2018: Ten Nonprofit Trends

2018: Ten Nonprofit Trends

By Jim Toscano and Dania Miwa

What a year 2017 was! Many of the trends outlined here prevailed through the year. Now, prepare for an even more unsettling, disruptive one.

  1. Change in individual donor strategy as the tax laws change. With fewer individuals expected to itemize under the provisions of the new tax law, new strategies will guide resource developments attempts to renew and expand previous donations. Donor retention and stewardship will take on new messaging emphasizing the donor. Donor cultivation and solicitation will also need to be more substantive, more-values based and more outcomes oriented.
  2. Change in donor assessment as the tax laws change. Donors from high tax states may feel poorer, less able to give. Donors of high net worth, even in high-tax states, may have more disposable income, but will they think of giving as potential purpose for their new income? Nonprofits will develop strategies to create exciting personalized experiences and opportunities to attract funds for impact change.
  3. Foundations will have more revenue as a result of changes in the tax laws. With the markets up, with corporations repatriating cash and using it for dividends and buy-backs, Foundation investments will grow, and will the required pay out.

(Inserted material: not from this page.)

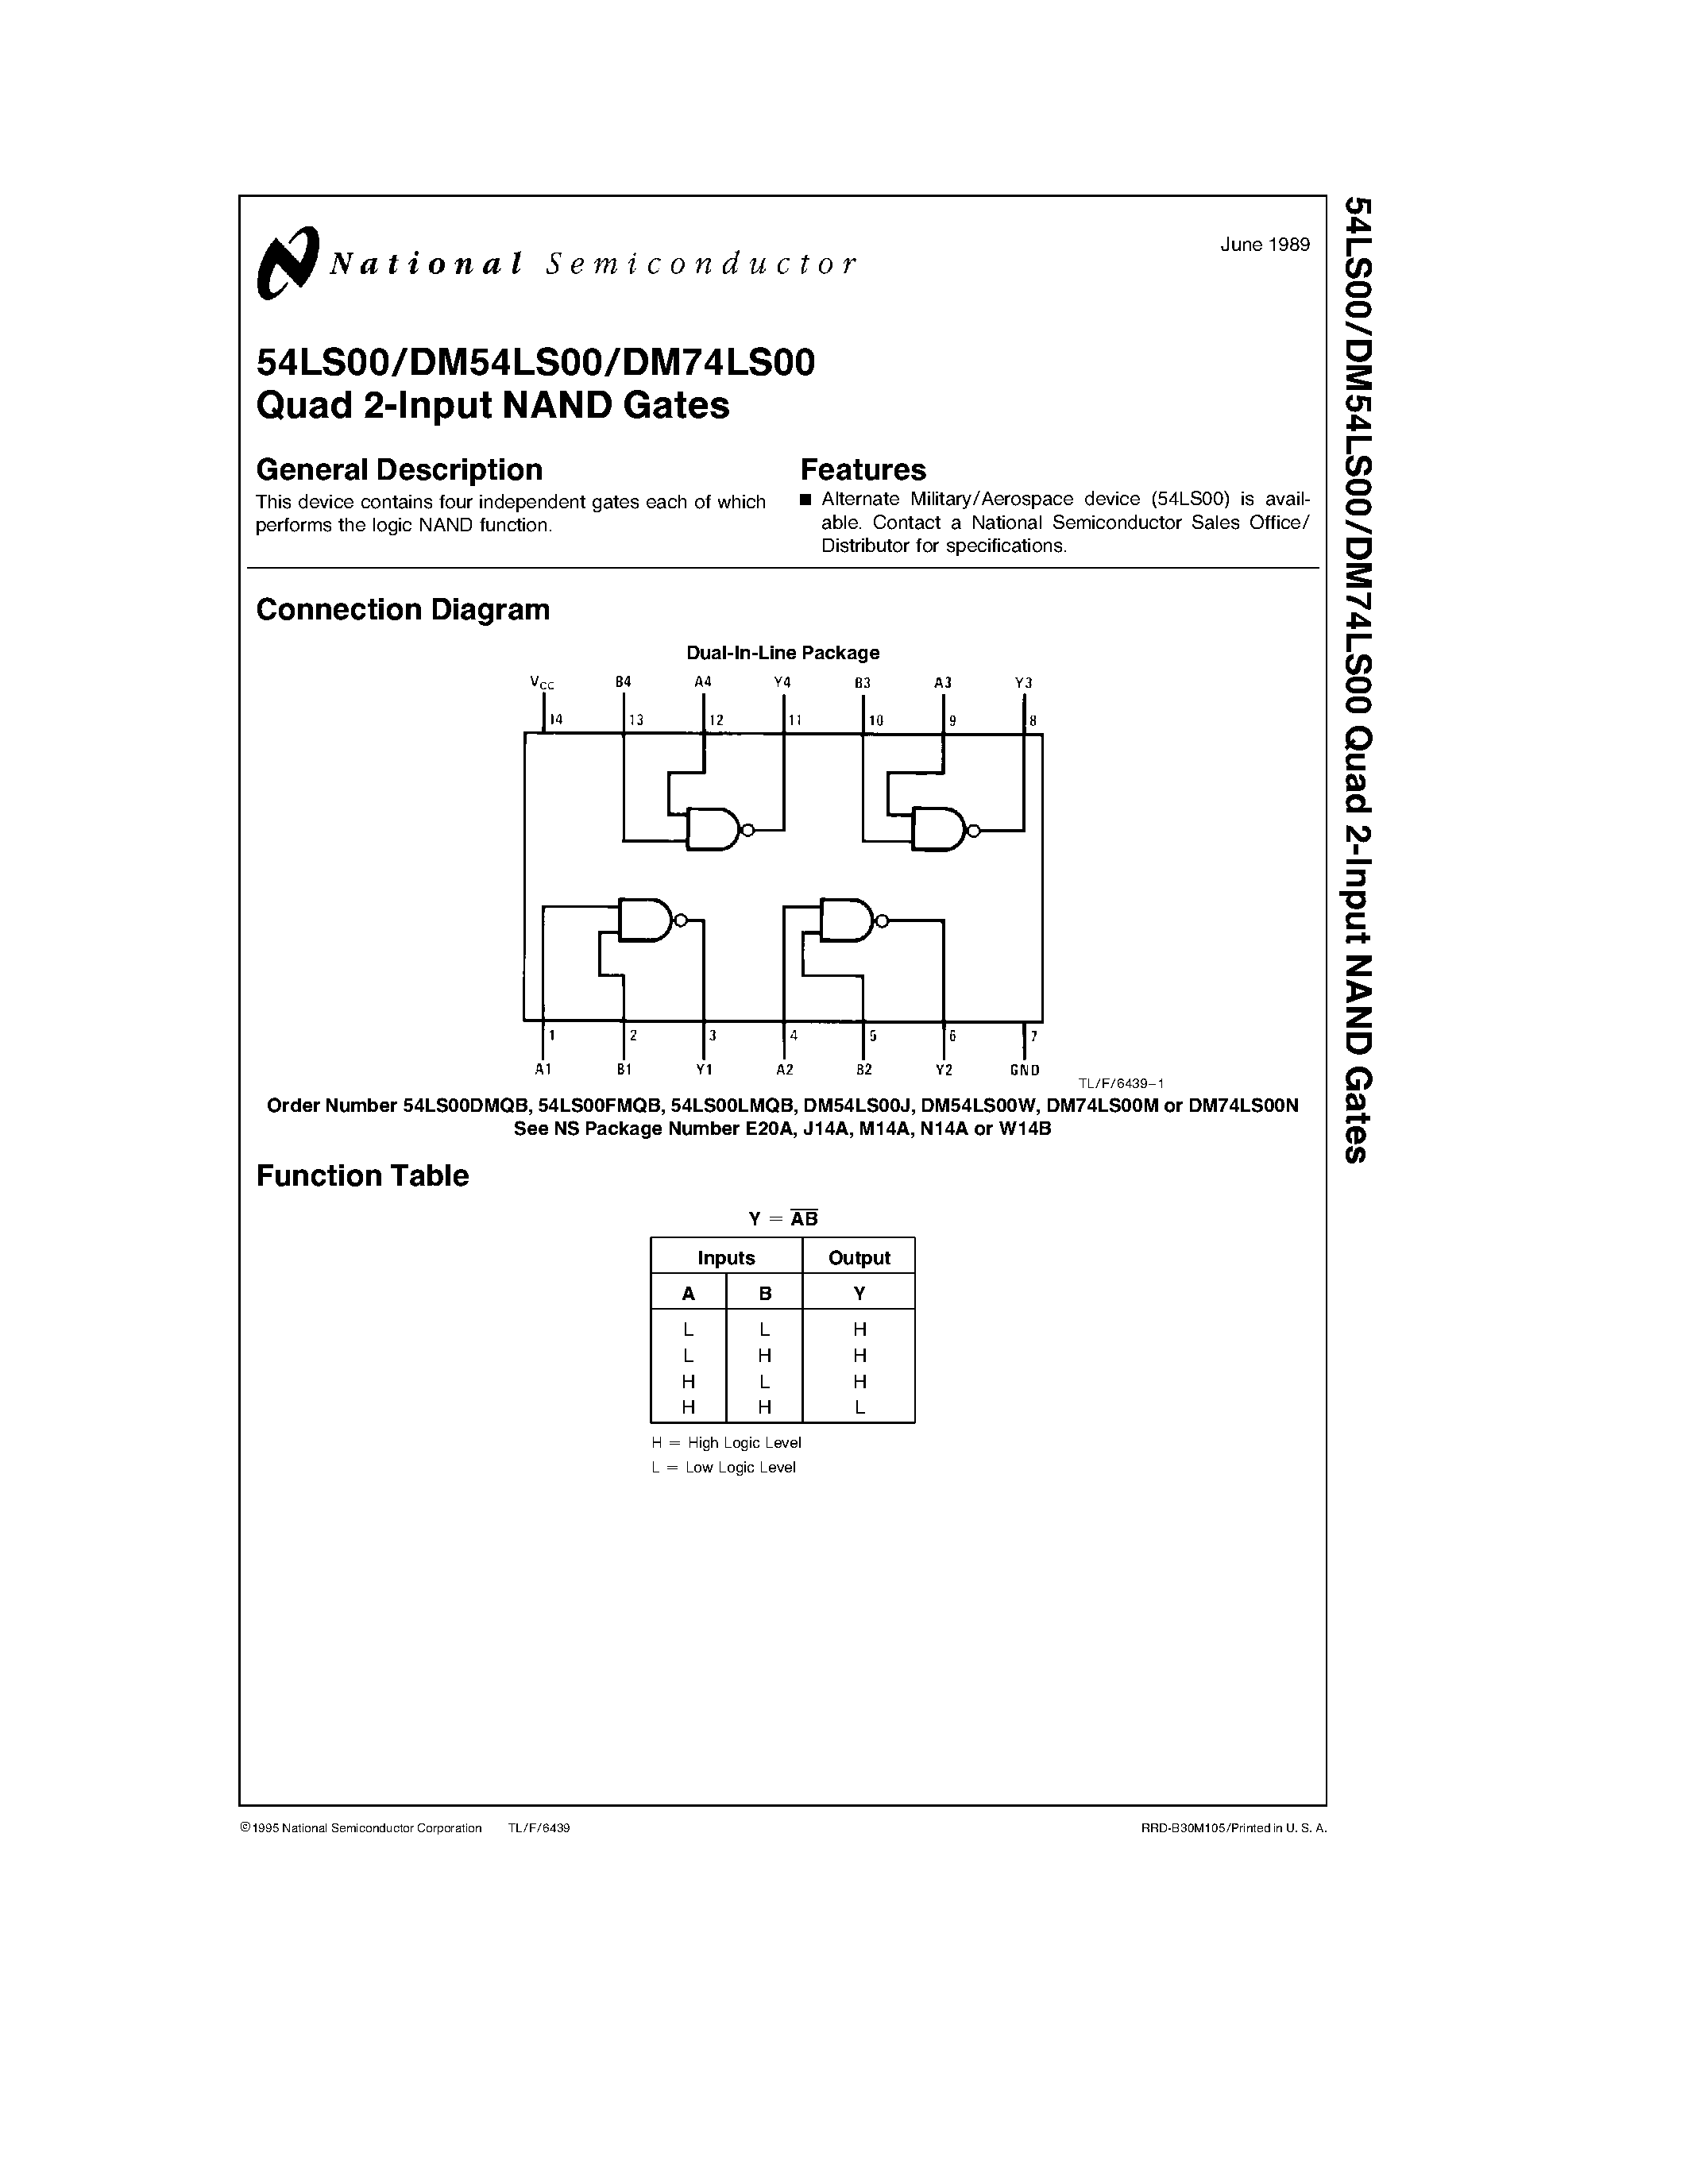 Даташит DM74LS00E - Quad 2-Input NAND Gates страница 1

Nonprofits will focus more attention on creative asking strategies.
  4. With changes in the tax law, corporations will have more disposable revenue. Nonprofit development programs will intensify efforts to motivate businesses into more giving through partnerships, sponsorships and creative experiments through their employees.
  5. Given changes in the tax laws, major emphasis will focus on small businesses and owners. Opportunities for participation and for experiences in the work of nonprofit organizations will increase in an attempt to engage business people in the exciting work of social change, artistic creation, scientific invention and experiential learning characteristic of the work of nonprofits.
  6. Reductions in federal spending will result in more intense competition for existing government grants. Such reductions will force organizations to search for other, private funds, form partnerships, merge, reduce services and staffs, or otherwise reduce their contributions to society.
  7. Furthermore, federal policy will result in less state and county funds available, not only from block grants but from intense pressure on state and local tax revenue, most of which is no longer deductible on federal forms. Over time, reduced government and nonprofit services will result in fewer individuals receiving vital social, educational, training, medical and related services, the extent of which dependent on the ability to raise revenue from private sources, innovations in service delivery and new substantive solutions and cures for those conditions needing societal intervention.
  8. Nonprofit organizations will focus increased time and resources on social impact investing, creation of for-profit subsidiaries and other forms of social entrepreneurship. Depending on the ability to repay program-related loans, or to pay dividends from a subsidiary, mid-level or large nonprofits will increasingly use these forms of funding to continue their Mission work.
  9. Nonprofit organizations will undergo a major reconceptualization of donor relations. With major need shifted to individual donor decision-making, nonprofits will expend significant thought and effort to rebuild and restructure relationships activities to build strong individual private constituency.
  10. Nonprofit management training will be transformed. Charismatic and traditional leaders of nonprofits will be succeeded by leaders trained in running organizations effectively and efficiently. This will involve advanced training, preferably in MBA-type training that emphasizes analytics, superior writing training, astute financial planning and overall commitment to the values and mission of the nonprofit.